Le Parlement se prêta à cette volonté de la cour, se payant de l'idée de repos public, voulant relever l'autorité, réhabiliter la reine exilée, qu'on chansonnait par tout Paris.
La d'Escoman fut condamnée à finir ses jours entre quatre murs, au pain et à l'eau.
Il y avait un égout dans Paris, les Filles repenties, où l'on entassait les coquines ramassées dans les mauvais lieux, lesquelles y continuaient leur métier avec des prêtres. (Lestoile, 1610, édit. Michaud, p. 561.) C'est là qu'on mit la pauvre d'Escoman. On lui bâtit dans la cour du couvent une loge murée, sauf un petit trou grillé. Elle gisait là par terre et dans l'ordure, grelottante, affamée, pleurant pour le rebut des chiens.

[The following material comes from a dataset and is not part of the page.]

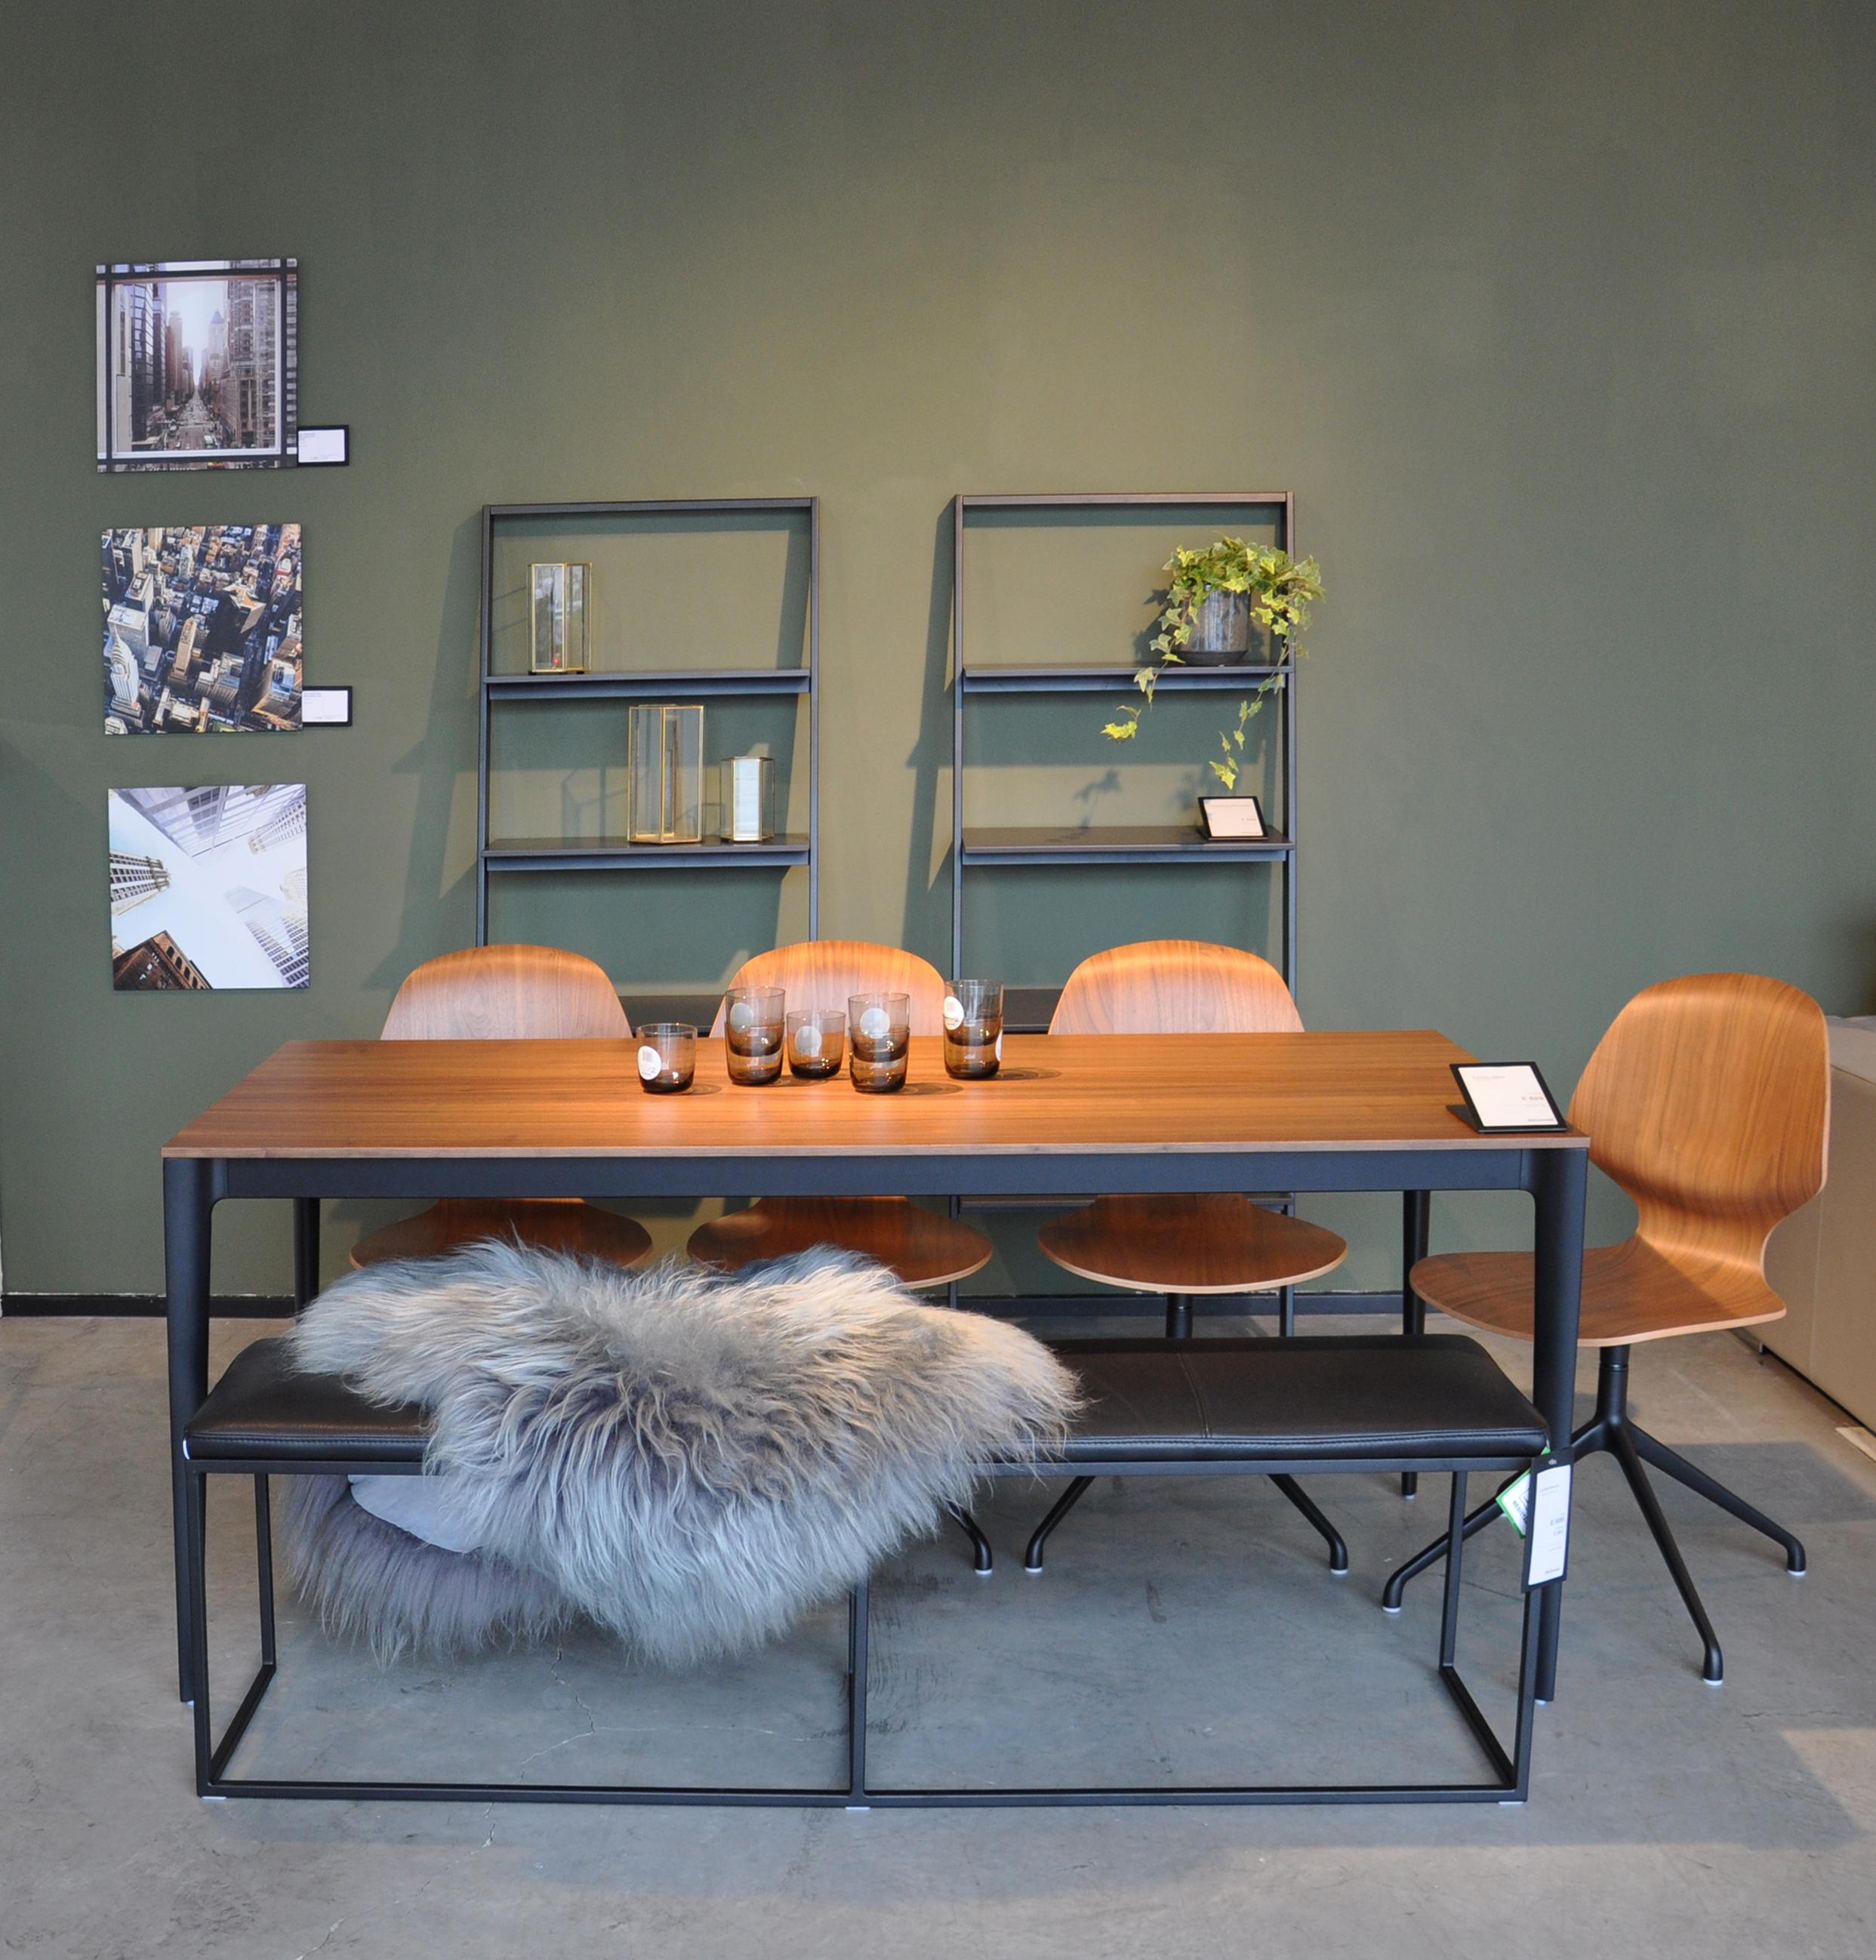 Sheepskin ,  Torrino table ,  Florence chairs ,  Hexagon lanterns  on  Bordeaux shelving units .

Ce fut la récompense de la personne humaine et intrépide qui s'était dévouée pour sauver Henri IV, et qui seule en France demanda justice de sa mort.
CHAPITRE XVI
DES MŒURS—STÉRILITÉ PHYSIQUE, MORALE ET LITTÉRAIRE
1615-1617
Je ne pouvais interrompre le fil de l'histoire politique tant qu'Henri IV n'était pas vraiment fini et clos dans le tombeau. Maintenant qu'il a sur la tête la pesante pierre des mariages espagnols, il ne bougera plus. La France est liée à la politique catholique. Elle fera la guerre à l'Espagne, mais pour lui succéder en marchant dans le même esprit.
C'est le moment de regarder les grands faits moraux de l'époque, plus importants qu'aucun fait politique.

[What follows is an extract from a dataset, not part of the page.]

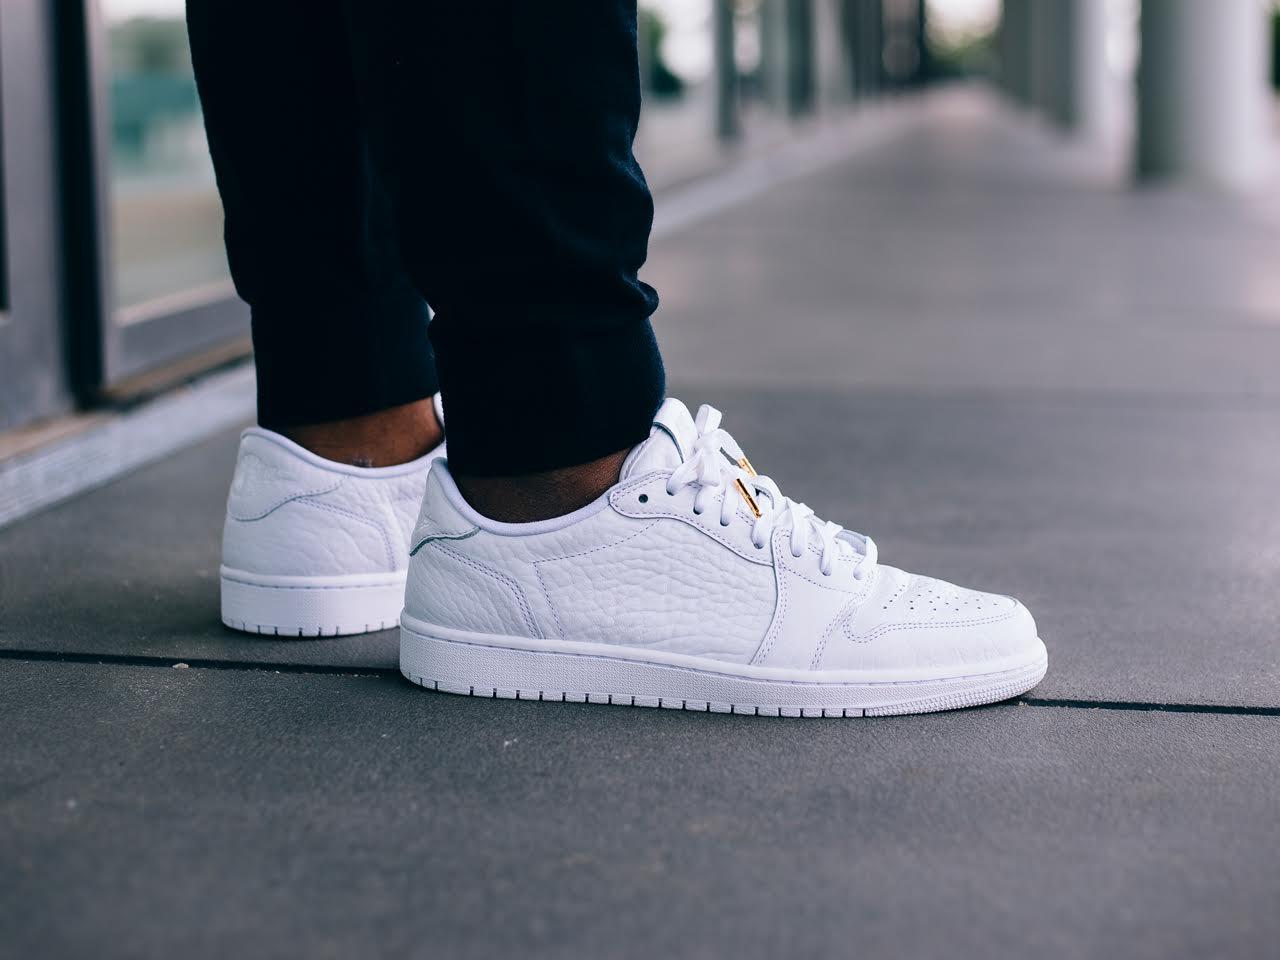 air jordan 1 low white on feet

Ils sont tous en trois mots: sorcellerie, couvents, casuistique[3]. Et ses trois n'en font qu'un; ils signifient: stérilité...
On a surfait énormément ce temps. Cette vaine agitation de cour, d'intrigues, de duels, ces raffinés du point d'honneur, ces fondations de couvents, tout cela, regardé à la loupe, a paru important. Des esprits fins, ingénieux et d'agréable érudition, des Ranke, des Cousin, des Sainte-Beuve, ont mis en relief les moindres curiosités de la vie religieuse d'alors, les disputes d'ordres et de cloîtres, les conversions célèbres, et il n'est pas une ligne, une parole des belles pénitentes d'alors qui n'ait été notée et célébrée.

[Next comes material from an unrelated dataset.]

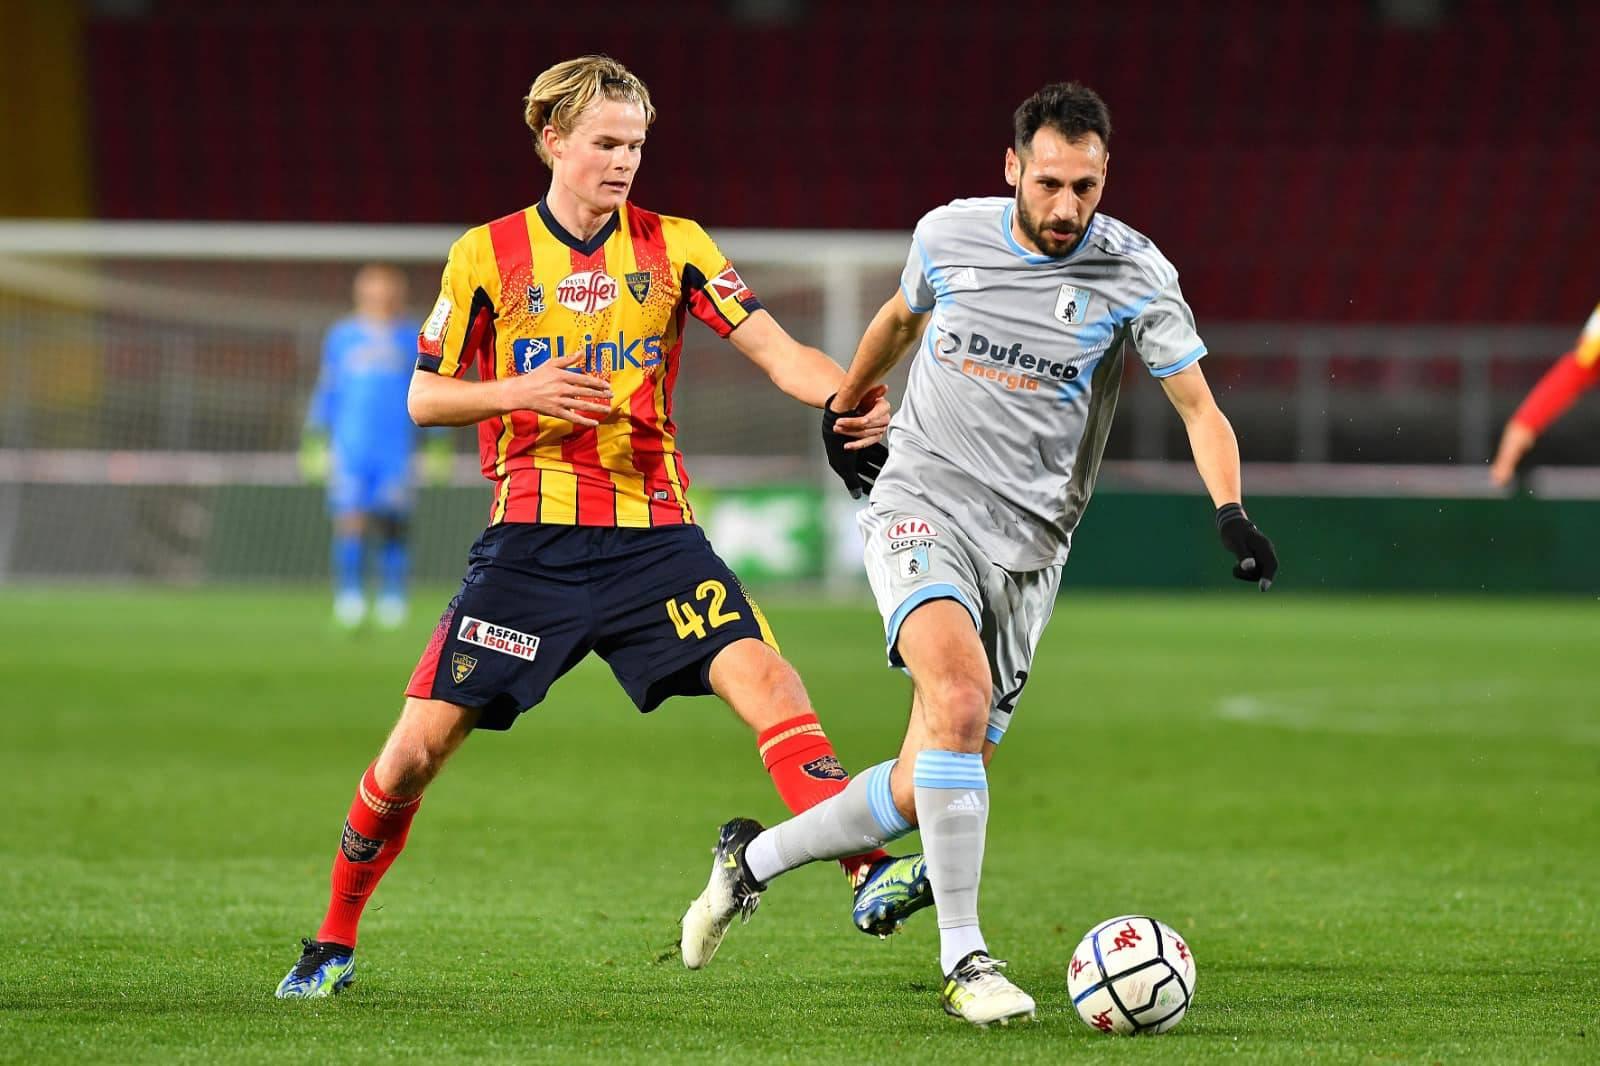 Lecce vs Virtus Entella

J'aime le microscope, et je m'en sers. Nous lui devons une grande partie des progrès récents des sciences naturelles. En histoire, il a ses dangers. C'est de faire croire que des mousses et des moisissures sont de hautes forêts, de voir le moindre insecte et l'imperceptible infusoire à la grosseur des Alpes. Tous les petits personnages de ce pauvre temps-là se sont amplifiés dans nos micrographes historiques. Les Borromée et les Possevin sont de grands hommes, l'oratorien Bérulle est un grand homme, et le gentil saint François de Salles, puis tout à l'heure Jansénius et Saint-Cyran. Gens de mérite certainement, mais étrangement grandis par les coteries de leur temps et l'exagération du nôtre.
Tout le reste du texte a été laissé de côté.